Que tempestade e escuridão angustiam a Igreja hoje? Cristo nos parece estar longe, não percebemos sua presença… A Igreja como poderosa instituição está sendo atingida pelo desmantelamento da força política que durante muito tempo lhe serviu de sustentáculo: o ocidente europeu e suas extensões coloniais: “Morreu a Cristandade”, o regime no qual Igreja e Sociedade se identificavam. Sociologicamente falando, a Igreja aparece sempre mais como o que ela era no início: uma mera comunidade de fiéis, sem maior peso civil que as sociedades culturais, círculos literários e clubes de futebol (e olhe lá!). Quem ainda não acostumou seus olhos a esses apagamento sociológico, tem dificuldade de enxergar a presença de Cristo.

As dificuldades que a Igreja enfrenta hoje devem nos fazer enxergar melhor a presença de Cristo em novos setores da Igreja, sobretudo na população empobrecida e excluída da sociedade do bem-estar globalizado. De repente, Jesus se manifesta como calmaria no ambiente tempestuoso das “periferias” do mundo, na simplicidade das comunidades nascidas da fé do povo. Temos coragem para ir até ele ou duvidamos ainda, deixando-nos “levar pela onda”?

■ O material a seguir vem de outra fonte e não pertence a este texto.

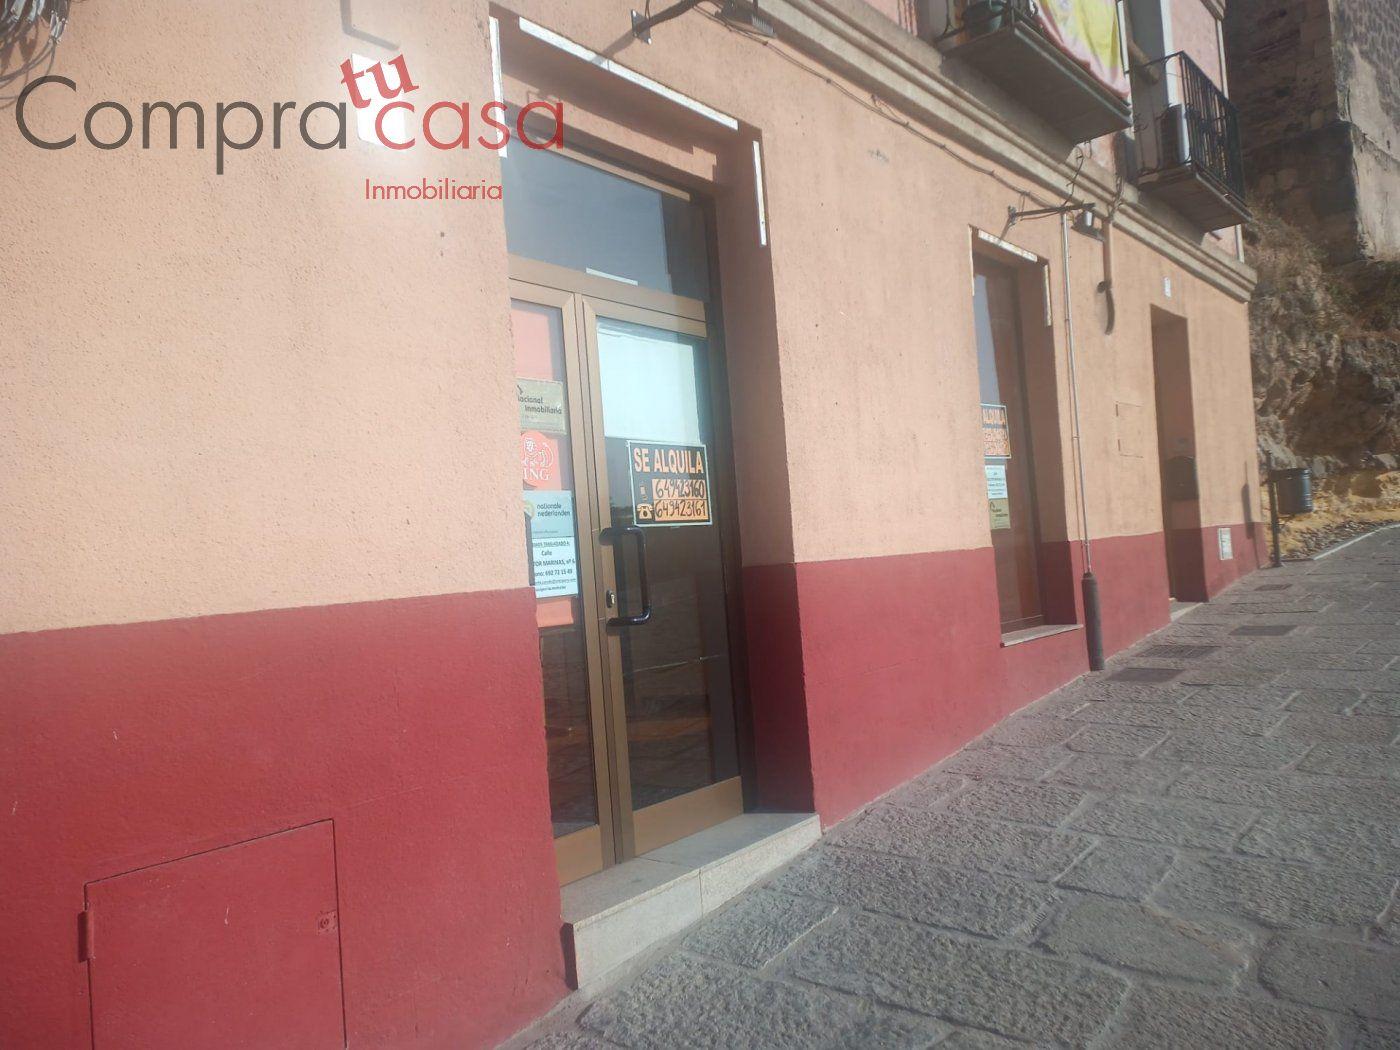 Local en alquiler en Casco antiguo, Segovia

PE. JOHAN KONINGS nasceu na Bélgica em 1941, onde se tornou Doutor em Teologia pela Universidade Católica de Lovaina, ligado ao Colégio para a América Latina (Fidei Donum). Veio ao Brasil, como sacerdote diocesano, em 1972. Em 1985 entrou na Companhia de Jesus (Jesuítas) e, desde 1986, atuou como professor de exegese bíblica na FAJE, Faculdade Jesuíta de Filosofia e Teologia, em Belo Horizonte. Faleceu no dia 21 de maio de 2022.  Este comentário é do livro “Liturgia Dominical, Editora Vozes.